Question

Two small identical conducting spheres are placed with their centers 0.41 m apart. One is given a charge of 12 ✕ 10−9 C, the other a charge of −23 ✕ 10−9 C. (a) Find the electrostatic force exerted on one sphere by the other. magnitude 1.48e-5 Correct: Your answer is correct. N direction attractive Correct: Your answer is correct. (b) The spheres are connected by a conducting wire. Find the electrostatic force between the two after equilibrium is reached, where both spheres have the same charge.

Answer 1

The final charge on each sphere after contact will be −4 nC, which reflects the even distribution of the combined charges initially present on both spheres.

Step-by-step explanation:

When two charged metal conducting spheres are brought into contact, their charges redistribute evenly between them because they are identical. This is because the total charge is conserved, and it will be shared equally when the two spheres touch.

If sphere A has a charge of −5 nC (nanoCoulombs) and sphere B has a charge of −3 nC, after they touch, they will both have the same charge. We calculate the final charge on each by adding the charges together and then dividing by two, which gives us (−5 nC + −3 nC)/2 = −4 nC on each sphere.
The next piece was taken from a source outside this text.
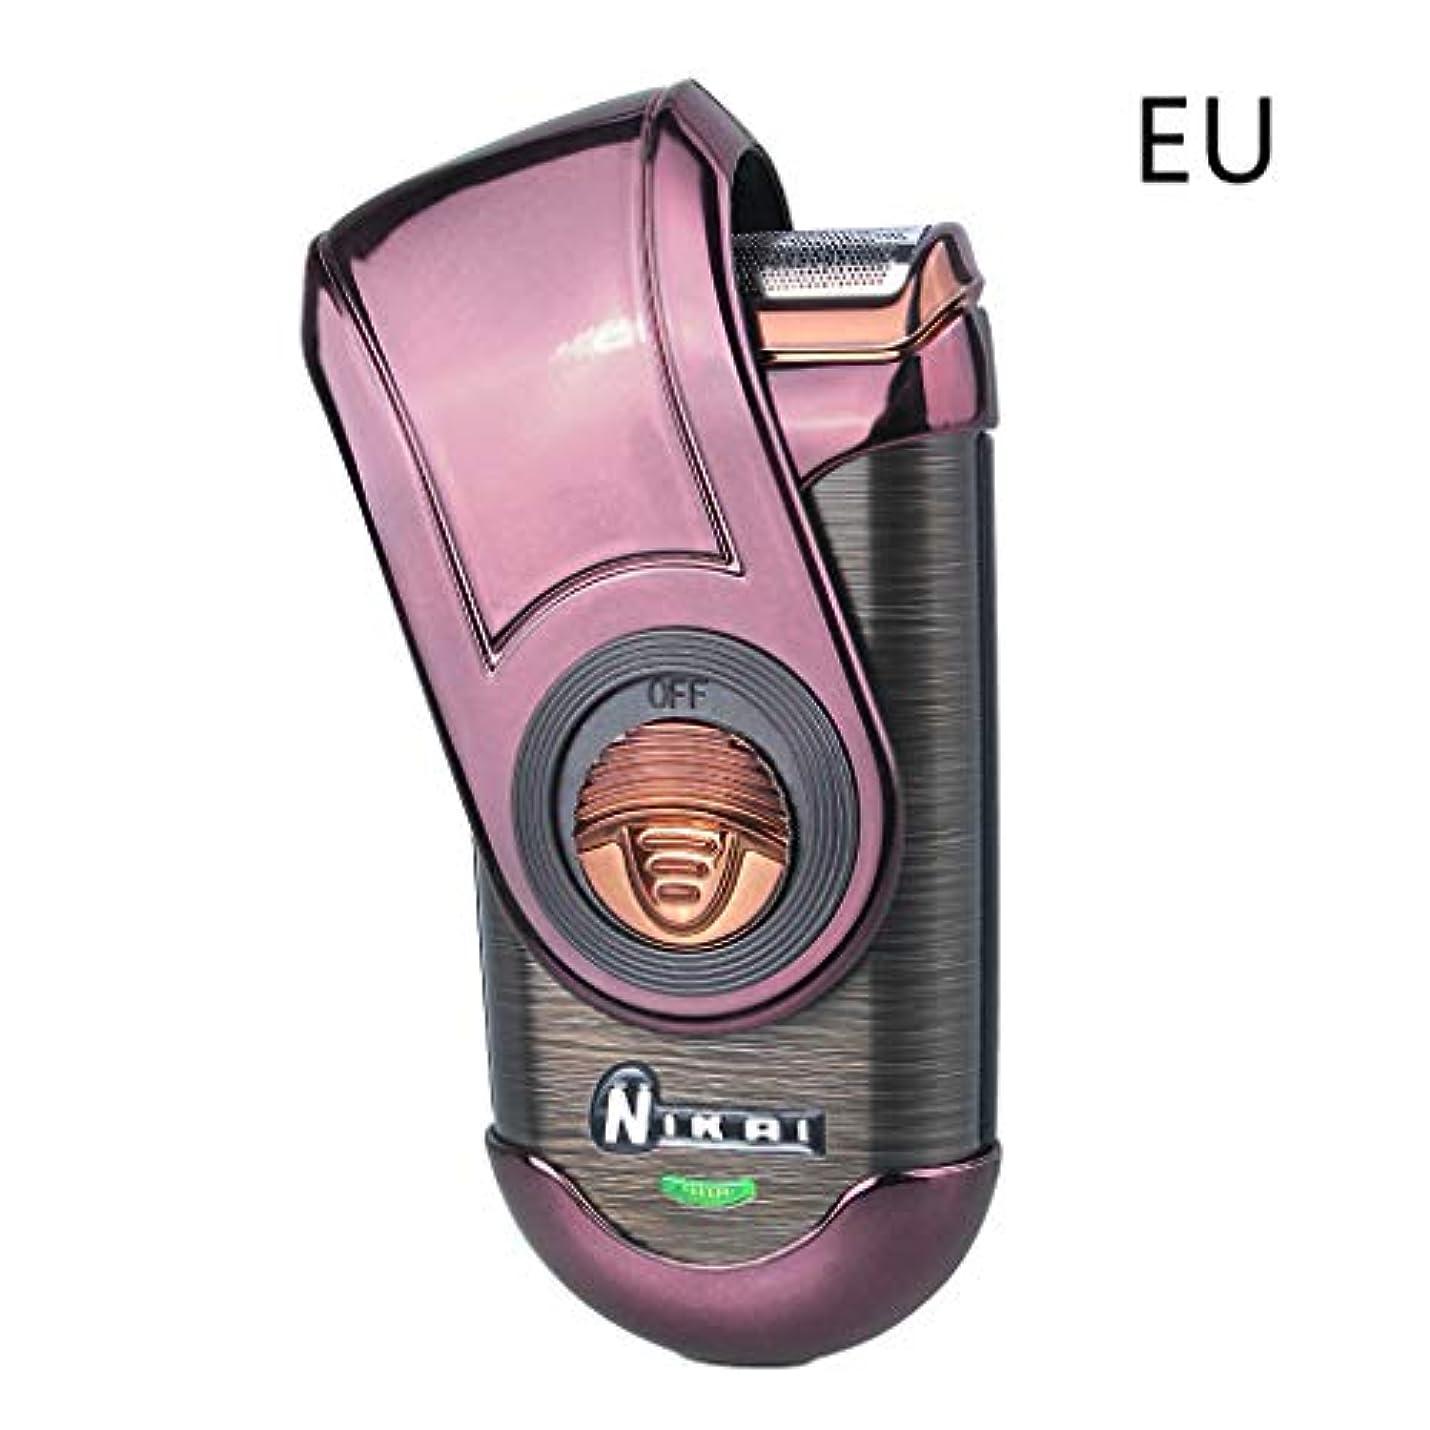 味わう屋内で重力YHSUNN 充電式シェーバー強力な電気シェーバーポータブル往復カミソリ充電シングルメッシュ電気かみそり用男性フェイスケア多機能シェービング

The −4 nC corresponds to a specific number of electrons, where the charge of one electron is ≎1.6×10−19 C.

Answer 2

(a)
`-1.48\cdot 10^(-5)N`

The electrostatic force exerted between the two sphere is given by:

`F=k(q_1 q_2)/(r^2)`

where

k is the Coulomb's constant

q1, q2 are the charges on the two spheres

r is the separation between the centres of the two spheres

In this problem,

`q_1 = 12\cdot 10^(-9) C\\q_2 = -23\cdot 10^(-9) C\\r = 0.41 m`

Substituting these values into the equation, we find the force

`F=(9\cdot 10^9 Nm^2 C^(-2) )((12\cdot 10^(-9)C)(-23\cdot 10^(-9) C))/((0.41 m)^2)=-1.48\cdot 10^(-5)N`

And the negative sign means the force is attractive, since the two spheres have charges of opposite sign.

(b)
`+1.62\cdot 10^(-6)N`

The total net charge over the two sphere is:

`Q=q_1 +q_2 = 12\cdot 10^(-9)C+(-23\cdot 10^(-9)C)=-11\cdot 10^(-9) C`

When the two spheres are connected, the charge distribute equally over the two spheres (since they are identical, they have same capacitance), so each sphere will have a charge of

`q=(Q)/(2)=(-11\cdot 10^(-9)C)/(2)=-5.5\cdot 10^(-9)C`

So the electrostatic force between the two spheres will now be

`F=k(q^2)/(r^2)`

And substituting numbers, we find

`F=(9\cdot 10^9 Nm^2 C^(-2) )((-5.5\cdot 10^(-9) C)^2)/((0.41 m)^2)=+1.62\cdot 10^(-6)N`

and the positive sign means the force is repulsive, since the two spheres have same sign charges.